Kisah Kepulangan Korban Tragedi Mina Hajah Culan

Saat pertama ditemukan jatuh, terang Muchtaruddin, Culan mengalami koma berat dengan gejala gagal organ-organ penting. Mulai gagal ginjal hingga infeksi saluran pernapasan. ”Namun, saat ini dia sudah stabil tanpa meninggalkan luka atau infeksi bekas perawatan,” ungkapnya.

Kesediaan pemerintah Saudi memulangkan Culan bermula saat Menteri Kesehatan Nila Moeloek dan Menteri Agama Lukman Hakim Saifuddin bertemu dengan Menteri Haji Arab Saudi Bandar bin Muhammad Hajjar. Pertemuan tersebut dilakukan untuk menandatangani MoU Haji 2016 pada 13 Maret lalu.

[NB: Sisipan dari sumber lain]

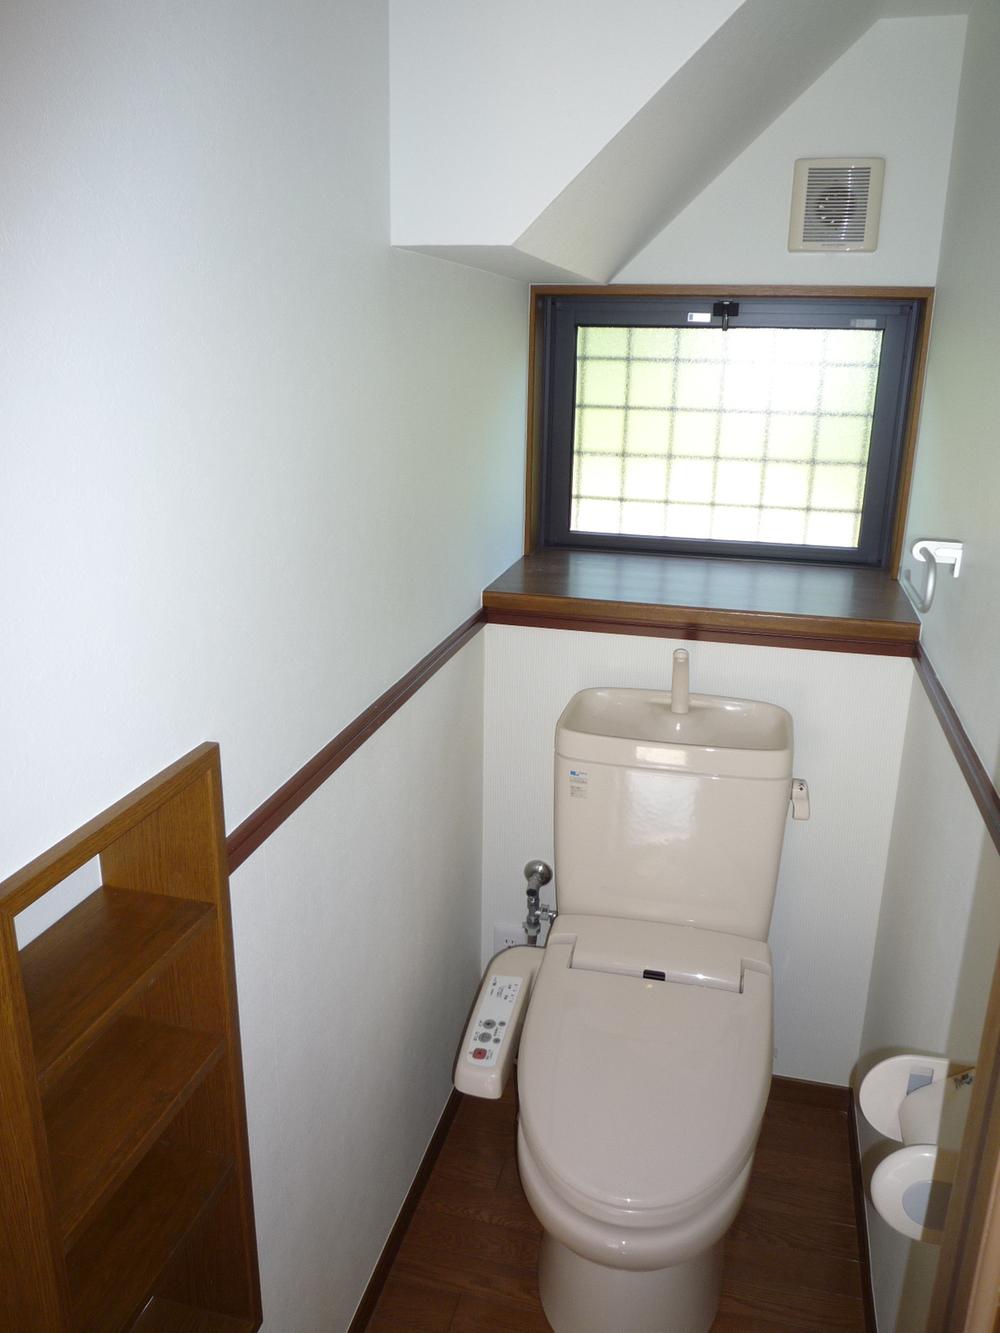 Toilet. Receipt ・ With small window
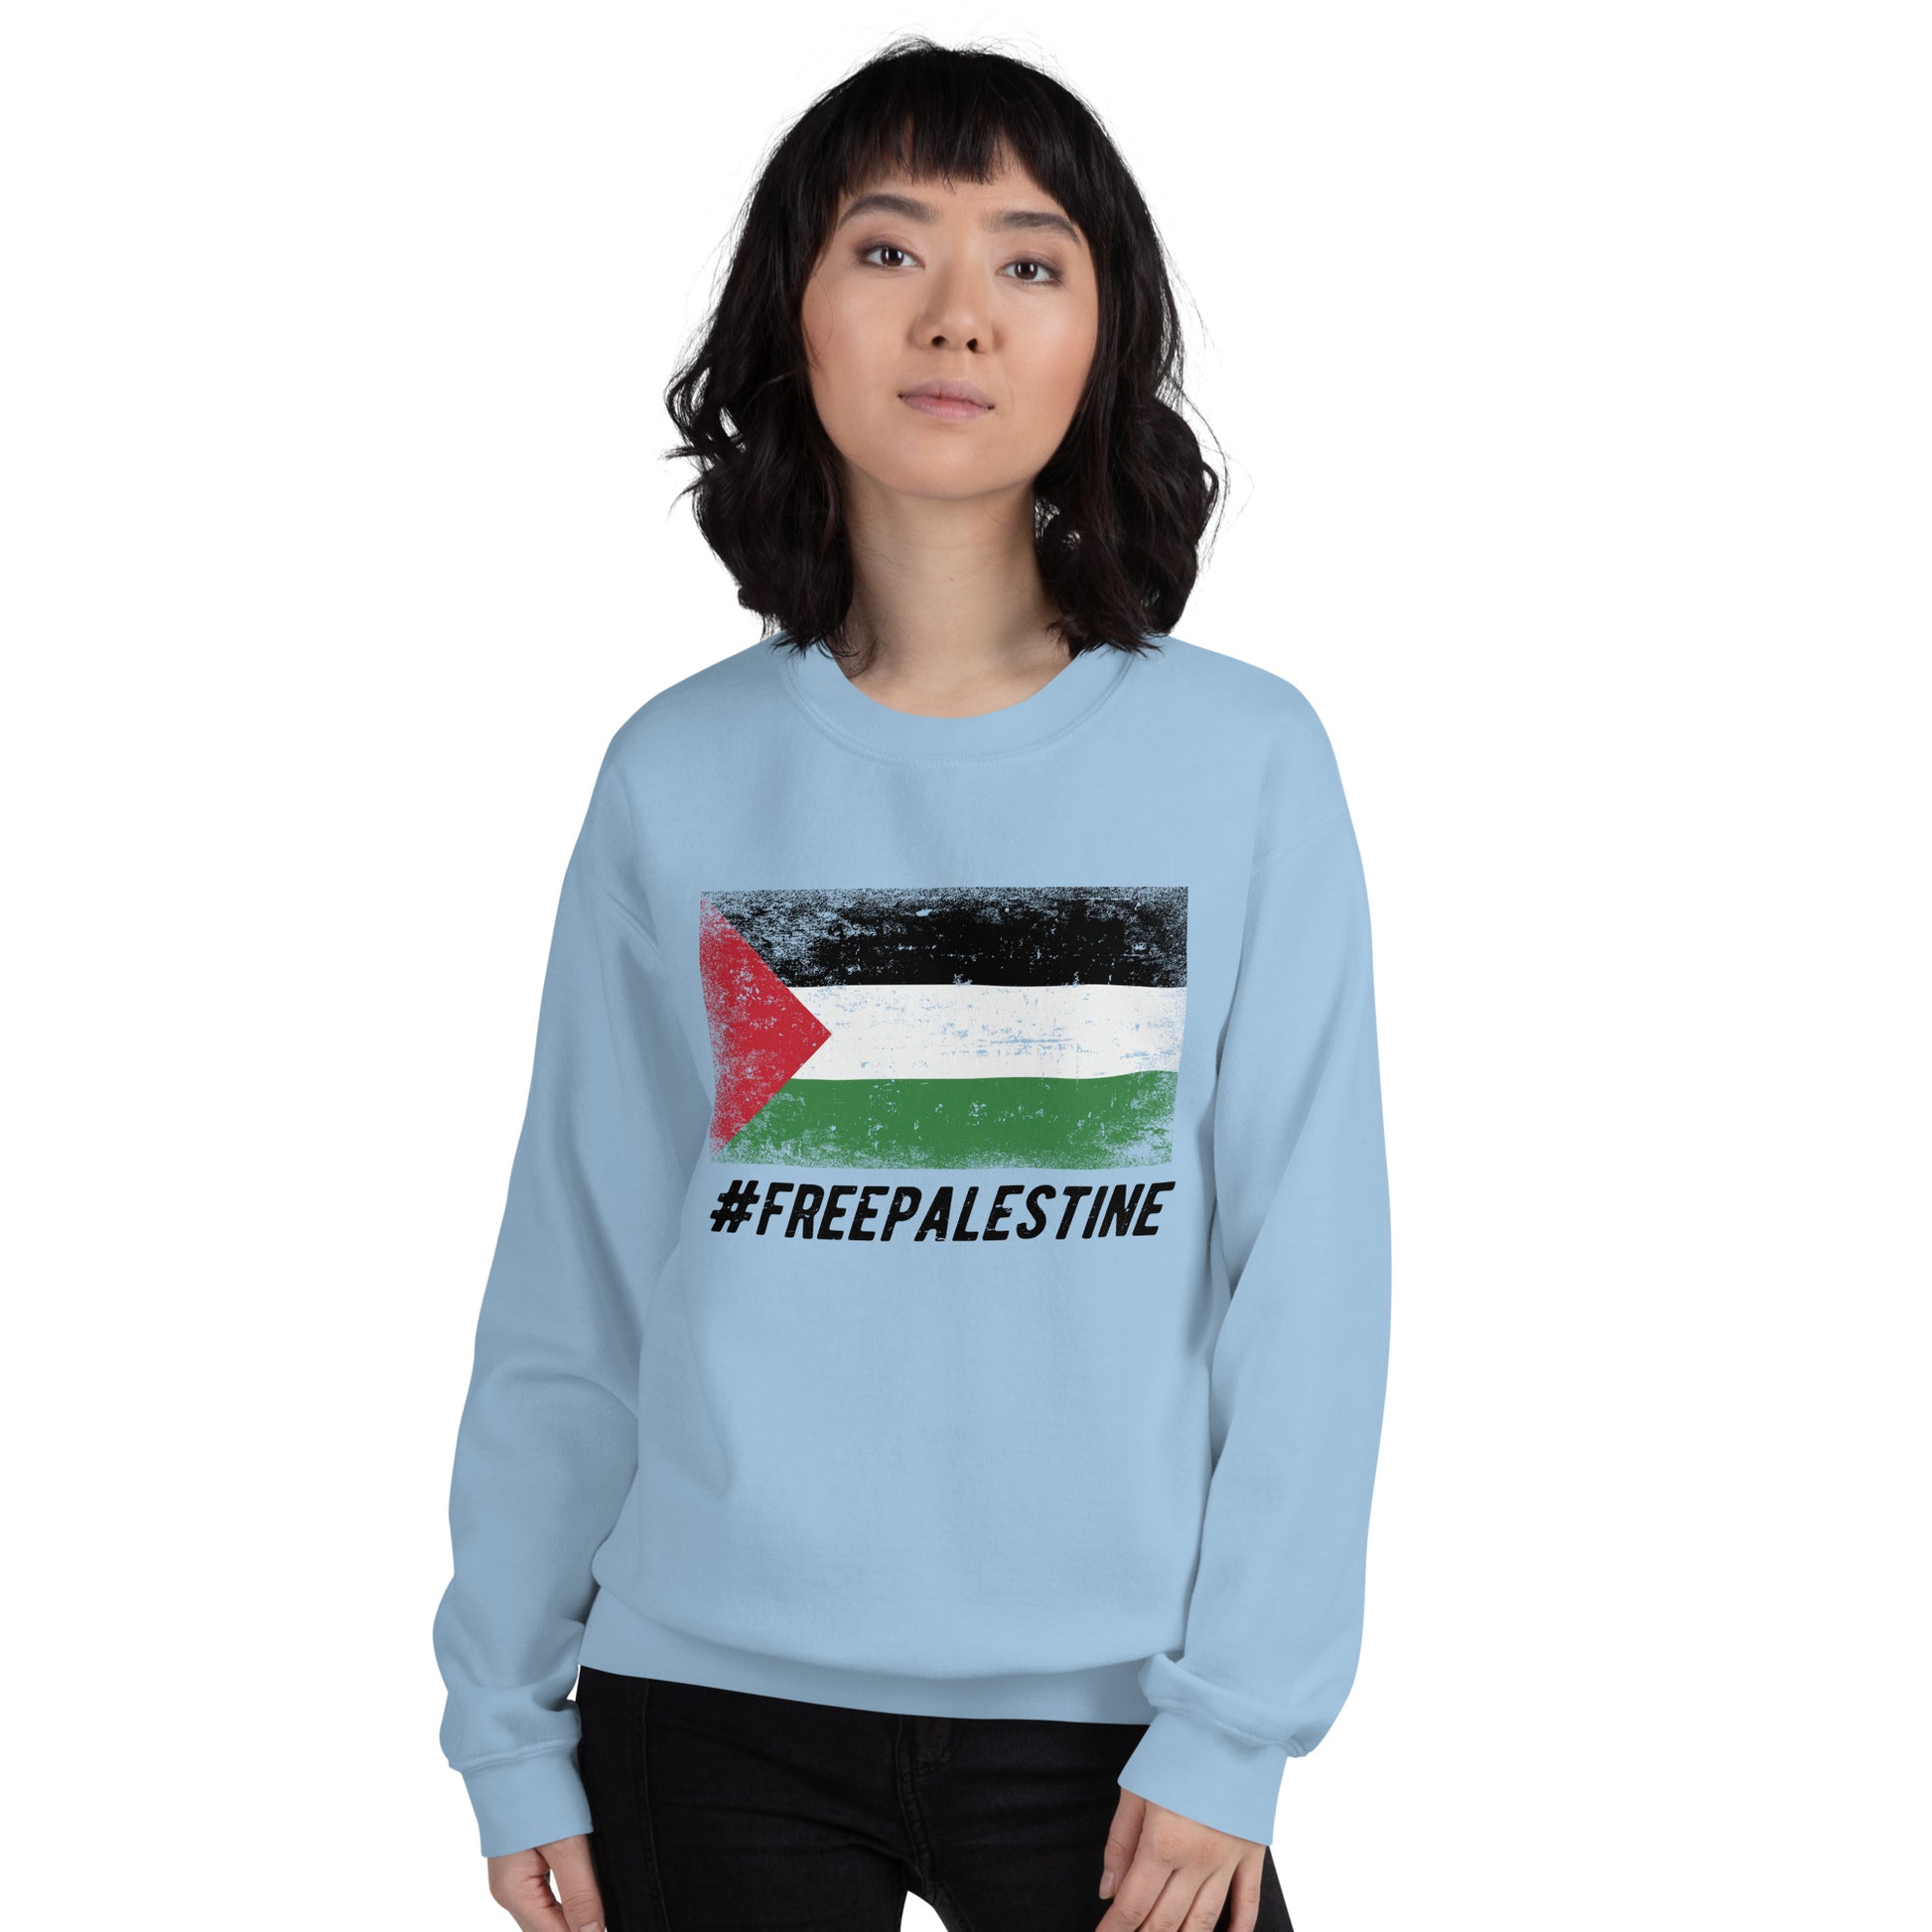 Free Palestine Sweatshirt / Palestine Clothing

”Dalam kesempatan itu, Ibu Nila menyempatkan diri menemui korban tragedi Mina yang belum dipulangkan. Salah satunya Hajah Culan. Di sinilah dia menemukan informasi bahwa Ibu Culan itu bisa dipulangkan, namun tidak dengan cara biasa,” paparnya.

Untung, dalam kunjungan tersebut Nila bertemu dengan beberapa pejabat rumah sakit yang rupanya keturunan Indonesia. Salah satunya Nimat Nur Hasan Matasif yang menjabat health promotion manager di rumah sakit itu.

Dari sanalah Nila mulai menghubungi secara personal keluarga untuk menanyakan kesediaan mereka Culan dipulangkan dengan bantuan ventilator. ”Setelah keluarga bersedia, pemerintah kedua negara mulai bekerja. Kemenlu bekerja secara diplomasi. Lalu, Ibu Nimat bekerja dari internal Arab Saudi,” ungkapnya.

Berselang lima minggu, rencana akhirnya siap dilaksanakan. Namun, pelaksanaannya sungguh tidak mudah. Pasien harus dijaga tetap stabil dalam pesawat. Di sinilah peran Nimat sebagai diaspora menjadi sangat penting. Perempuan berdarah Palembang itu secara personal mendampingi Culan dalam perjalanan tersebut.

Selama perjalanan itu, Nimat mengaku mempunyai dua senjata untuk menemani Culan. Pertama, pemutar MP3 yang berisi surah Ar-Rahman dan Yasin. ”Rekaman ini adalah rekaman surat yang dibacakan Syekh Abdul Basit Abdussamat. Tokoh yang bisa membaca lafal Alquran dengan sangat indah,” ungkap Nimat kepada Jawa Pos (induk Bandung Ekspres).

Senjata kedua adalah kalimat Indonesia. Saat ditanya, perempuan yang sudah bekerja di bidang kesehatan selama 33 tahun itu sebenarnya sangat malu dengan keterampilannya berbahasa Indonesia. Nimat merasa memang kurang berlatih berbahasa Indonesia sehingga terpatah-patah saat berbicara. Saat diwawancarai pun, dia lebih memilih berbahasa Inggris. Namun, untuk membuat Culan nyaman, dia pun berusaha sekuat tenaga berbicara bahasa Indonesia.